井上の今の肩書きは、運営子会社である株式会社バルニバービオーガストの取締役 兼「Frogs FARM」プロジェクト責任者だ。しかし、立ち上げ時から淡路島で暮らしながら店舗の現場で働き、先頭に立って来店客やスタッフ、地元住民とコミュニケーションをとる毎日を送っている。
「バルニバービに入社する前もそうですし、入社して20年になりますが、現場以外の仕事はしたことがないですね。今後もずっと現場に立ち続けていたい、いろいろな人と仲良くなりたい、ずっと笑っていたいと言うのが根本にあるので」と井上はいつものエプロン姿で語る。
(Frogs FARMの様子。淡路島西海岸一帯に店舗が広がる)
機械科学生から現場一筋の料理人へ
滋賀県彦根市出身で、高校は工業高校の機械科。自動車整備士のコースだった。
進路に迷っていたところ、アルバイト先の寿司屋で「車も料理も同じ職人であまり変わらない」という言葉をきっかけに、飲食業界への転職を決める。

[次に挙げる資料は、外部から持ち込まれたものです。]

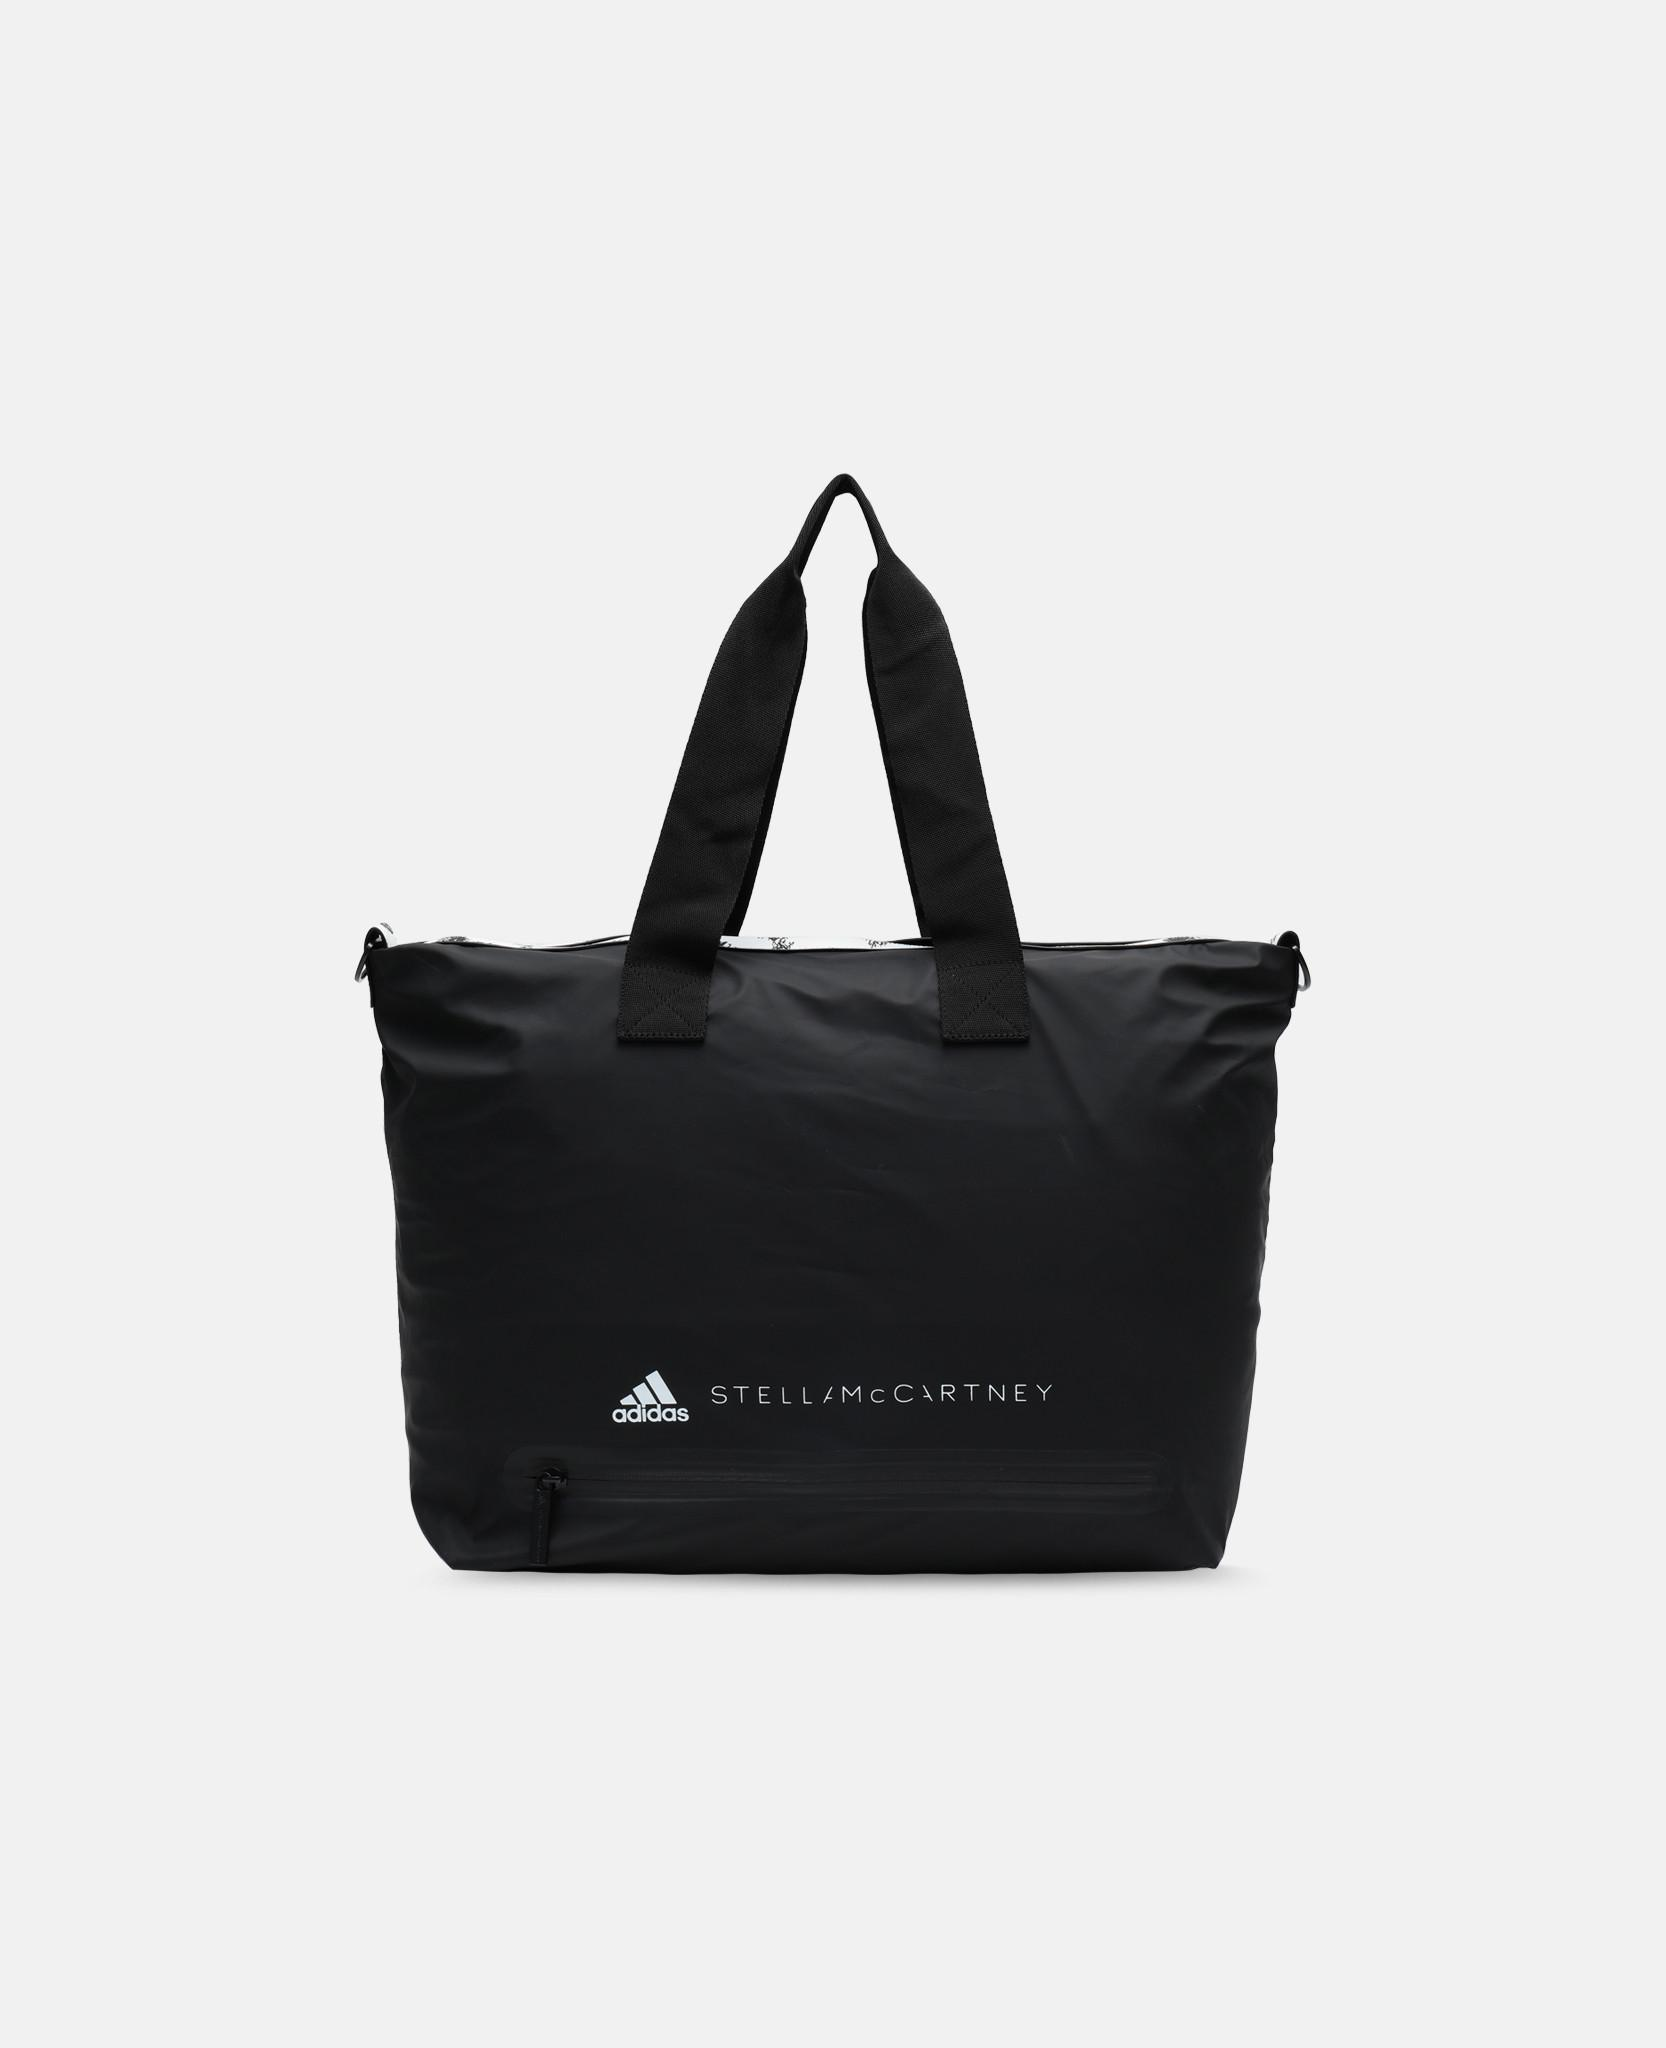 9dcb22ff33 Lyst - adidas By Stella McCartney Black Studio Bag in Black

「元々食べることは好きでした。ただ美味しいものにこだわるというよりは友達や一緒にご飯を食べること、その『場』が好きという感じ」という井上は、その寿司屋で紹介を受けて京都の割烹に就職し、その後は洋食・フレンチ・イタリアンなどさまざまなジャンルで調理の腕を磨いた。様々な経験を積む過程で、25歳の頃にバルニバービに入社する。
今でこそ自ら「人間関係や、人と仲良くなることは負けない」と語り、“コミュニケーター“やプロジェクトの“ハブ“として地元住民や社内外の人々を惹きつける井上だが、元々は内向的で人と絡むことはそこまで得意ではなかった。「入社するまではホールで接客をする機会もなく、バルニバービに入って開花させられた感じ」と笑いながら話す。
とはいえ当時は飲食業を続けていくこと自体も不安が大きかったという。業界として給料も低く、自身の実力や現在地がわかりづらい点がそうした感情に繋がっていた。
バルニバービも当初は3年ほど働いて勉強し、地元で独立をするつもりだった。
しかし入社半年後には店長を任されると、その後も運営する複数の店舗を渡り歩き、4年ほどが経ったあと、大学の学食の店長の業務に従事し、8年間に渡って続けることになる。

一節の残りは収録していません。